Ha inoltre dichiarato che sono stati fatti diversi tentativi di studio in merito all’apprendimento linguistico negli studenti adulti e le relative implicazioni.
“Ad oggi direi che probabilmente non ci sono abbastanza studi per avere un parere definitivo riguardo questo argomento”, ha detto all’Associated Press. “Tuttavia i risultati che abbiamo sono molto incoraggianti e suggeriscono che gli adulti più grandi possono non solo imparare nuove lingue ma anche trarne vantaggio”.
Sono necessari ulteriori studi per verificare se le lezioni di lingua contribuiscano a preservare alcune abilità cognitive nelle persone di mezza età e oltre. Kroll ha paragonato la situazione attuale del settore a quella della fine del XX secolo, quando si credeva che l’esposizione di neonati e bambini piccoli a più di una lingua li mettesse in una posizione di svantaggio sul piano educativo.
“Quello che sappiamo oggi è l’esatto contrario”, ha detto.
Imparare una lingua da adulti
Negli anni ‘90, quando lavoravo a Madrid, ho visitato la costa mediterranea della Spagna e sono rimasto esterrefatto dal numero di stranieri che nonostante vivessero nel paese da anni, riuscivano a dire solo poche parole in spagnolo.
Ora invece li capisco. Quando provo a parlare in giapponese, le persone reagiscono con sorpresa e mi chiedono: “E tu da quanto tempo vivi qui?”
Ma ho degli espedienti per orientarmi in questo ambiente linguistico ostile. Uno è quello di dire “itsumono” che significa “lo stesso di sempre” o “il solito”. È sufficiente per ordinare il caffè al mattino in un bar del quartiere o il pranzo nei locali che frequento abitualmente.
Vale la pena ricordare che il giapponese, insieme all’arabo, al cantonese, al coreano e al mandarino, è una delle lingue più difficili da padroneggiare per gli anglofoni, mentre le lingue romanze come il francese, l’italiano o lo spagnolo sono più facili.
La mia lezione settimanale è estenuante e un’ora è il massimo che riesco a reggere. Uso questa analogia: il mio cervello è come un armadio senza abbastanza grucce vuote e il giapponese non si abbina a nulla nel mio guardaroba. Il sistema di scrittura intimorisce chi parla inglese: l’ordine delle parole è invertito e l’educazione è più importante della chiarezza.

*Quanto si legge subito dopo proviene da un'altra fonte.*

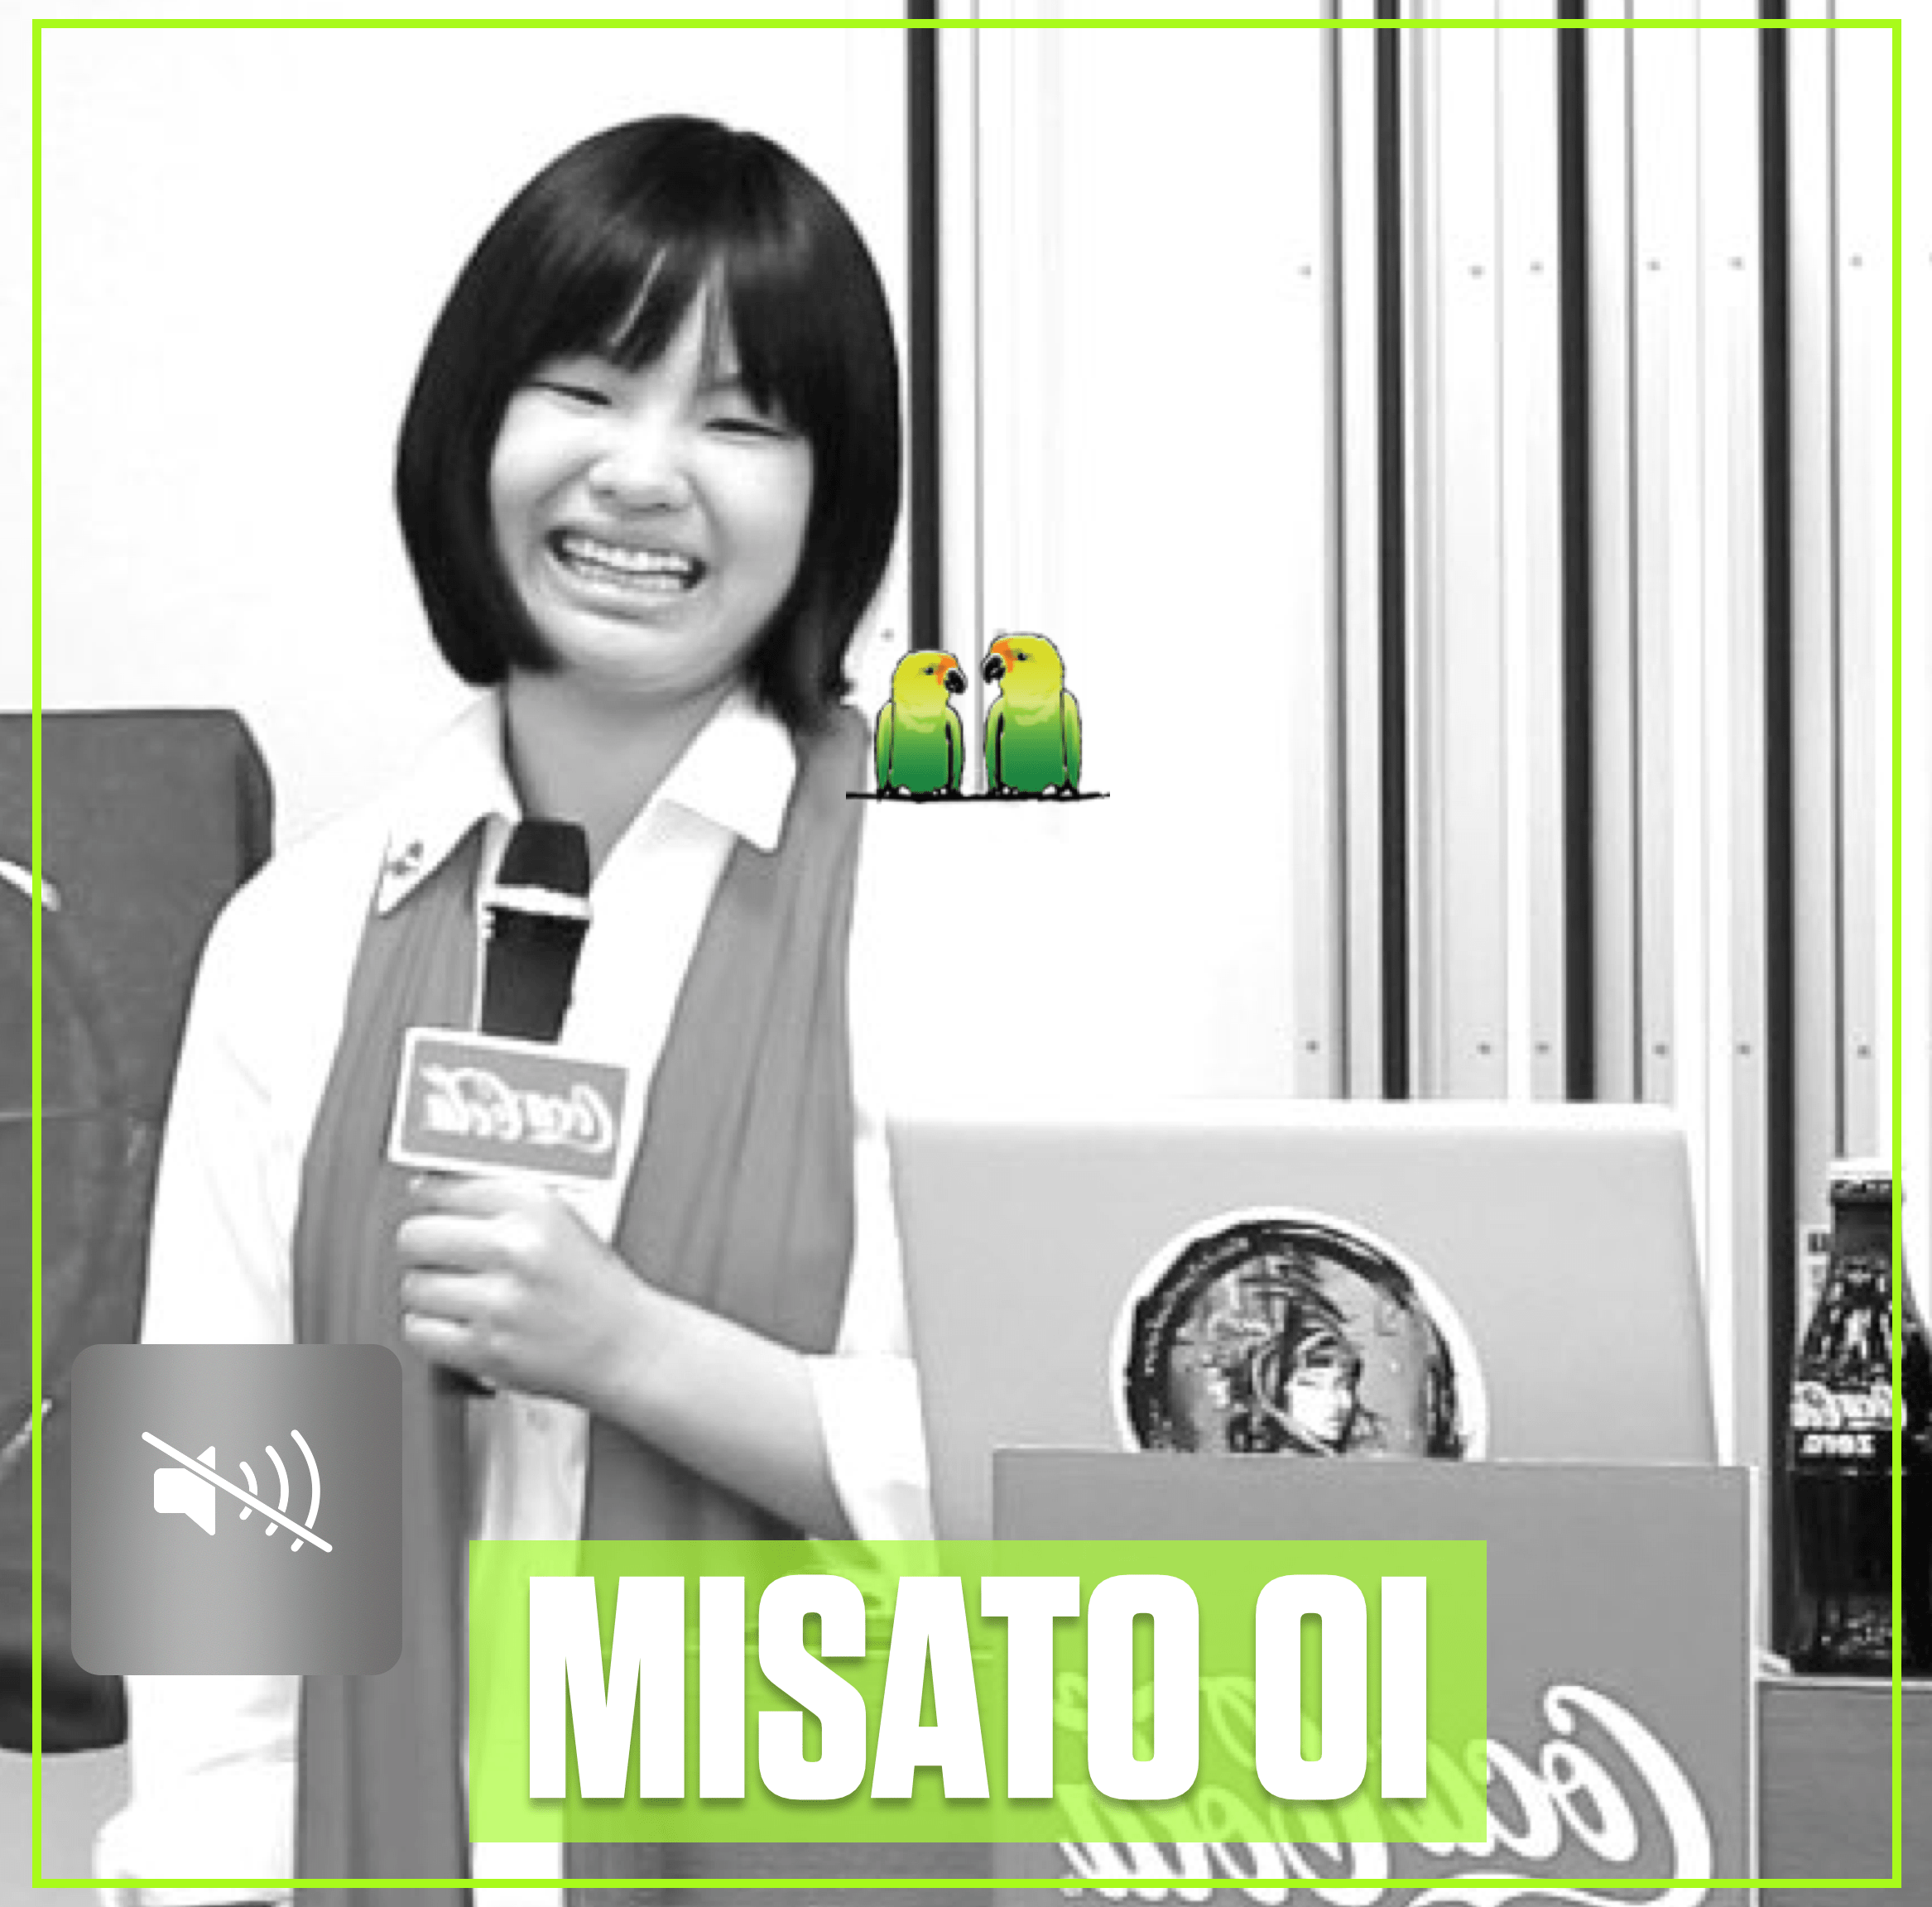 Misato Oi

Nei quattro anni e mezzo in cui ho lavorato come reporter da Rio de Janeiro, me la sono cavata grazie al Portuñol (un mix improvvisato di spagnolo e portoghese) e alla pazienza dei brasiliani. Con il giapponese, però, non esiste una via di mezzo simile. O lo parli oppure no.

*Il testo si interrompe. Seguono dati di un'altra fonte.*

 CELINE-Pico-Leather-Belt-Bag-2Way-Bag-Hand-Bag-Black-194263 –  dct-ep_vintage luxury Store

Il mio livello di giapponese non andrà mai oltre quello prescolare, ma sovraccaricare il cervello con le lezioni potrebbe funzionare allo stesso modo in cui i miei allenamenti regolari con i pesi mi aiutano a mantenere la forza fisica.
Ono-san, la mia insegnante di giapponese, ha definito le app per l’apprendimento delle lingue, “meglio di niente”. Secondo Bialystok la tecnologia può rappresentare un utile alleato per l’apprendimento, “ma per fare progressi, occorre naturalmente usare la lingua in situazioni reali con altre persone”.
“Se le persone adulte provano ad imparare una nuova lingua, non ottengono grandi risultati: non diventano bilingui”, ha detto Bialystok. “Ma lo sforzo che comporta l’apprendimento di una lingua fa bene al cervello. Quindi, quello che intendo dire è questo: ciò che è faticoso per il cervello lo rafforza. Imparare una lingua, soprattutto in età avanzata, è impegnativo ma fa bene al cervello”.